0

I have created a couple of views to return data of interest from a database, with the second view returning data from the first view rather than the base tables.

The first view (variantsToScore) pulls the relevant data together from across several tables. The second view (variants_to_score_by_transcript) then filters this returned data.

CREATE VIEW variantsToScore AS
SELECT v.variantID, v.chromosome, v.position, v.referenceBase, v.alternateBase, v.[HGVS_c], v.[HGVS_p], s.geneID, s.transcriptID, a.[1000g2014oct_all], a.[1000g2014oct_afr], a.[1000g2014oct_eur], a.[1000g2014oct_amr], a.[1000g2014oct_eas], s.scorer, s.scoreDate, s.score, s.checked, s.checker, t.reportTranscript
FROM dbo.variant v, dbo.varScore s, dbo.transcript_relevance t, dbo.varAnnotation a
WHERE v.variantID = s.variantID
AND s.geneID = t.geneID
AND s.transcriptID = t.transcriptID
AND v.concatField = a.concatField
AND v.variantID = a.variantID
AND s.geneID = a.geneID
AND s.transcriptID = a.transcriptID



Create View variants_to_score_by_transcript as
Select *
From variantsToScore
Where (reportTranscript = 'Y')

Union
Select *
From variantsToScore
Where variantID not in (

Select variantID
From variantsToScore
Where reportTranscript = 'Y');

Returning the first view is pretty quick - even though it returns several thousand rows.
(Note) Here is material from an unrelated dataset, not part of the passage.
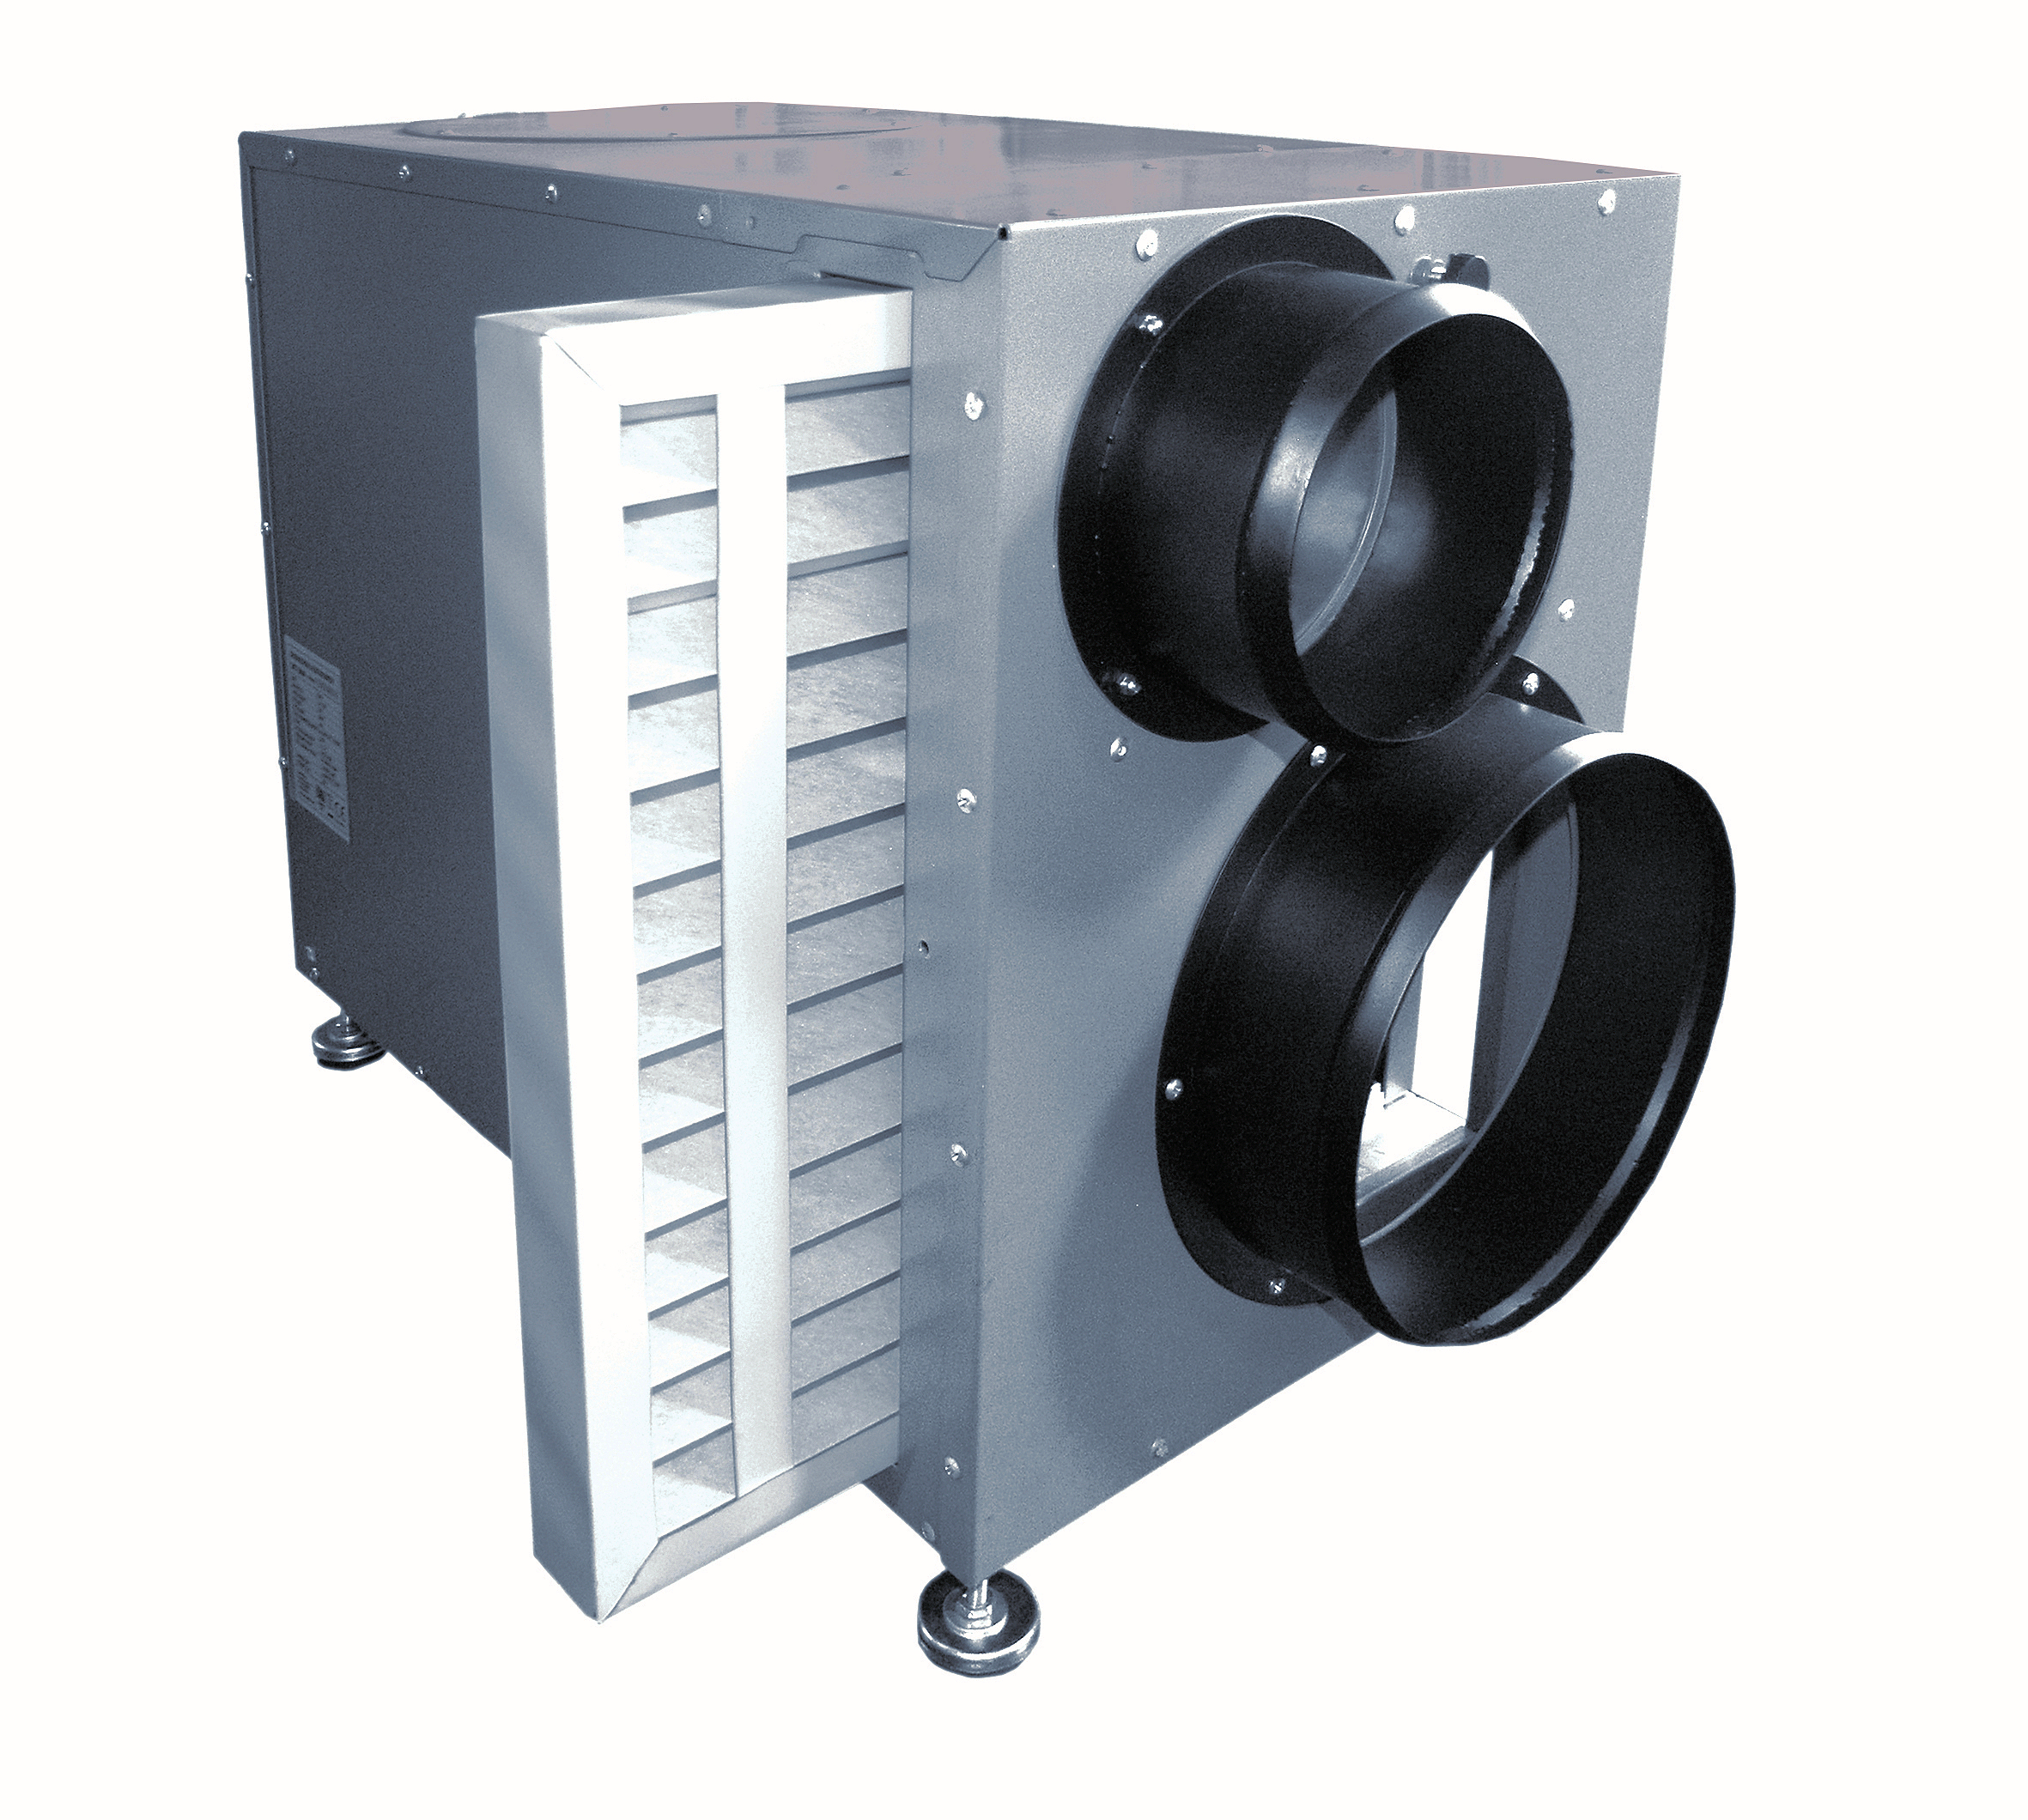 dehumidifier hepa filter dehumidifiers by Ecor Pro

However, returning the second view (the filtered data) is quite a slow process.

I'm not very confident in the design of this second view and hope there is a better way to go about filtering the results than I have created. Also, in reading around I have come across multiple articles and posts which are not altogether positive about nesting views on principle.

I am not sure whether the poor performance is due to the design of the second view, or the nesting of the views, or maybe a combination of the two. Perhaps my design should cut out the nesting of the views altogether and try to return and filter the results all in one view? Will it be more useful to redesign the second view to improve performance than worrying about combining the views into one?

Any thoughts and reccomendations would be welcome. Cheers.

EDIT:

To try and clear up what I want to achieve with the second view I have included an expected table of results to be returned by the first view, and a desired table of results to be returned by the filtering of the second view.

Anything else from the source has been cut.